# What can you do with a sort code account number?



## vickky453 (Feb 27, 2009)

Just wondering , as I got my online bank account back and the people who robbed my money have left the details of the account they put all my money in.

Do you reckon its already a closed account, or is there a way of gaining more information from just the sort code and account number?


----------



## m1pui (Jul 24, 2009)

A sort code is unique and corresponds to a specific branch so at the very least you should be able to find out where it was opened.

The Account number should give you the persons, possibly fake, details.

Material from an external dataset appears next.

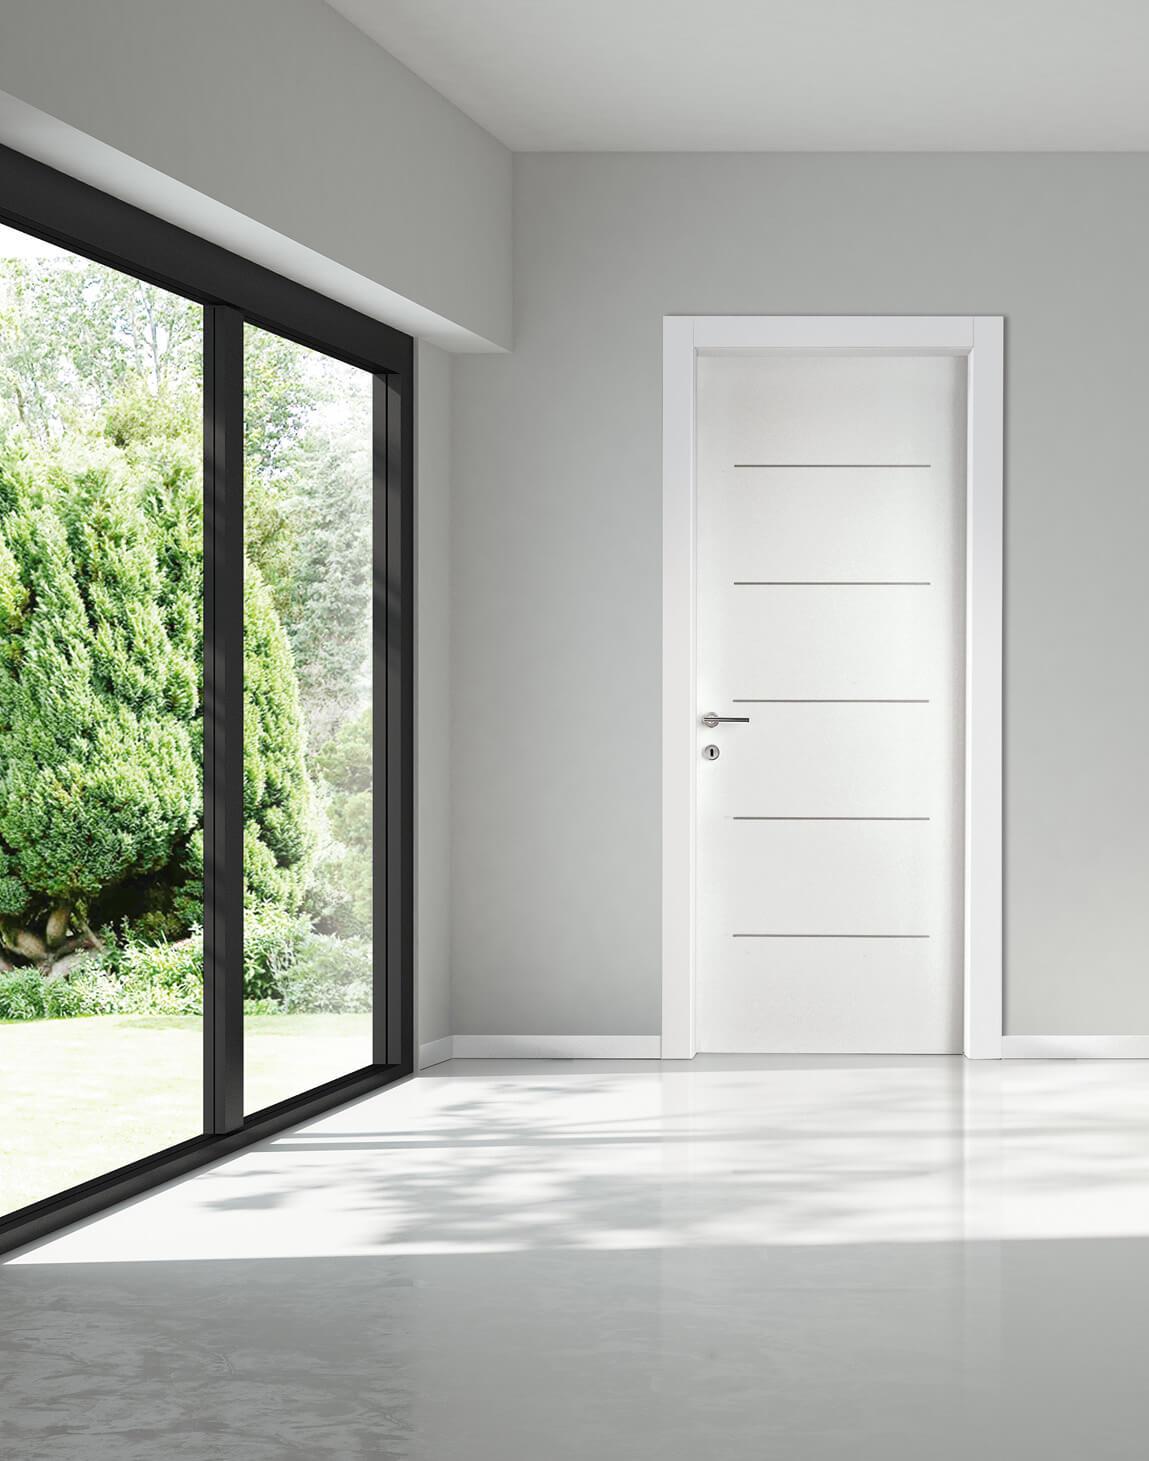 Porte interne porte scorrevoli porte a filo muro e porte in vetro molaro - Porte gd dorigo ...
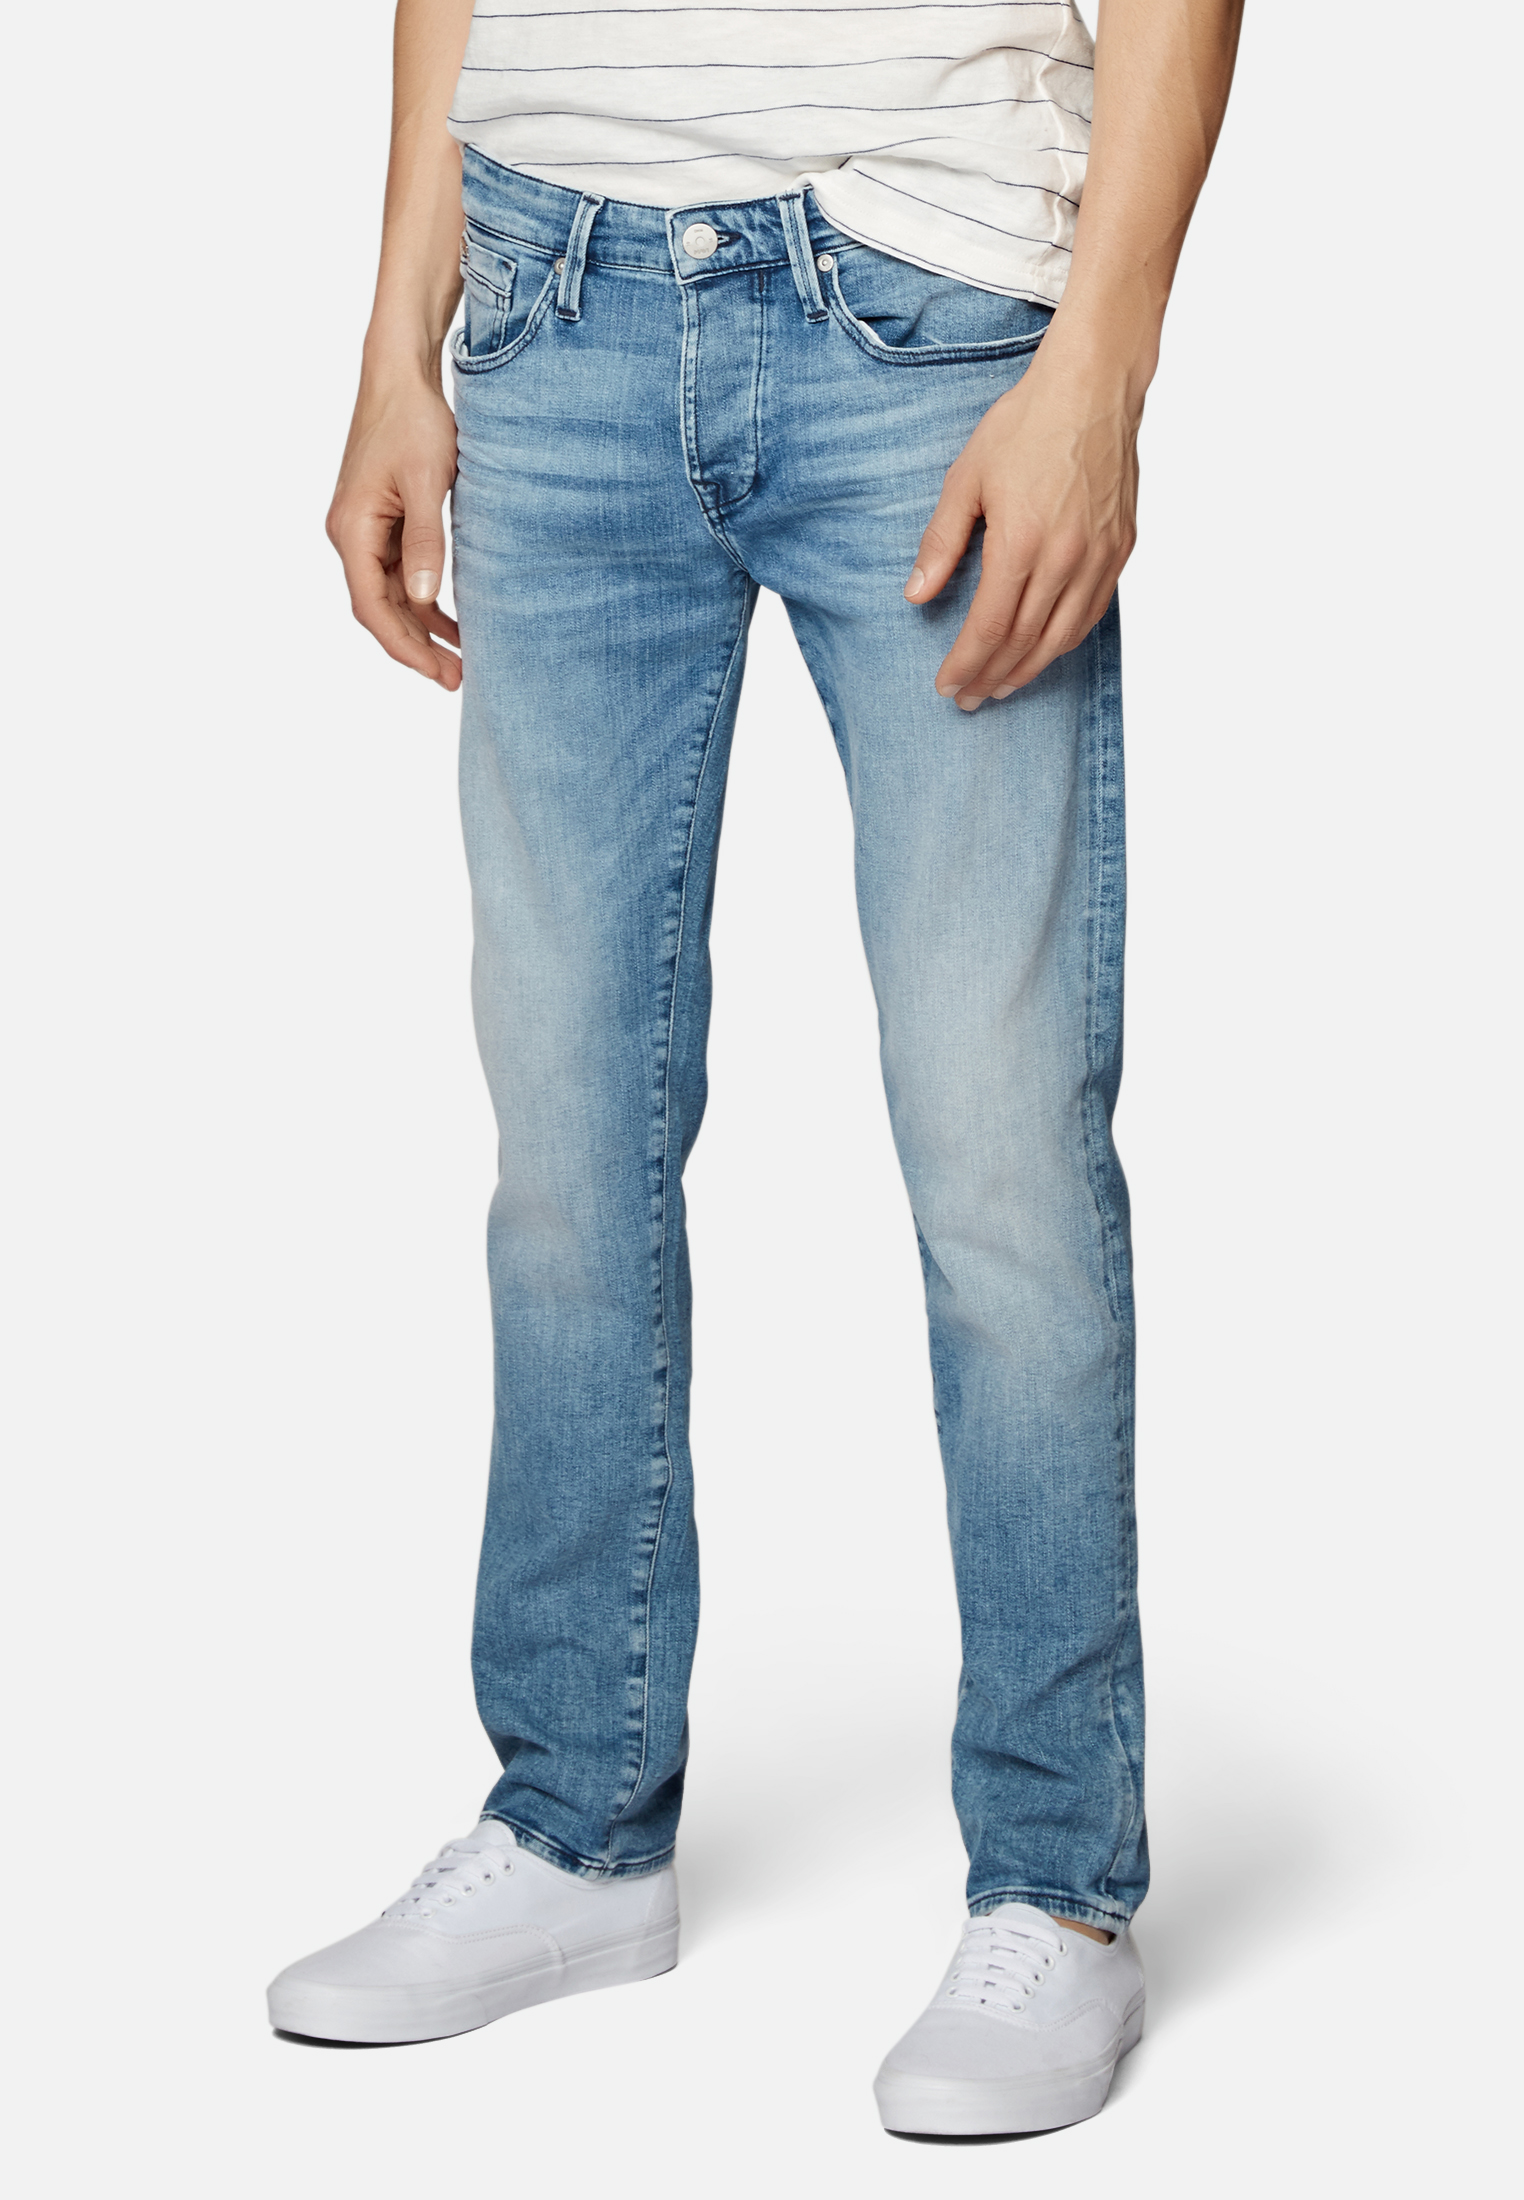 Mavi Jeans YVES mid brushed ultra move

Well not you specifically, but the police or banks should be able to dig it up the persons details. Google the sort code and it will most likely give you the branch


----------



## vickky453 (Feb 27, 2009)

thanks mate, got this so far 

BARCLAYS BANK PLC 204451

Equivalent Codes:
20-44-51
20 44 51 IPSWICH
LEICESTERSHIRE, LE87 2BB, Phone: (845) 7555555,
LEICESTER
England


----------



## Ravinder (Jul 24, 2009)

It's most likely a fraudulent opened bank account to get the funds in and then more then likely withdrawn from that account. Someone been doing transfers from your account? You'll easily get the money back from your bank.


----------



## Bero (Mar 9, 2008)

Speak to your bank and let them refund you. Let them pursue the offender...they wont get anywhere though as the bank will have been opened with false details.......or being operated by a semi innocent party - have you seen the 'make £500 a week from home' adverts? Well this is teh type of things you could be doing, receive money into your bank account and transfer it (minus your cut) via western union.


----------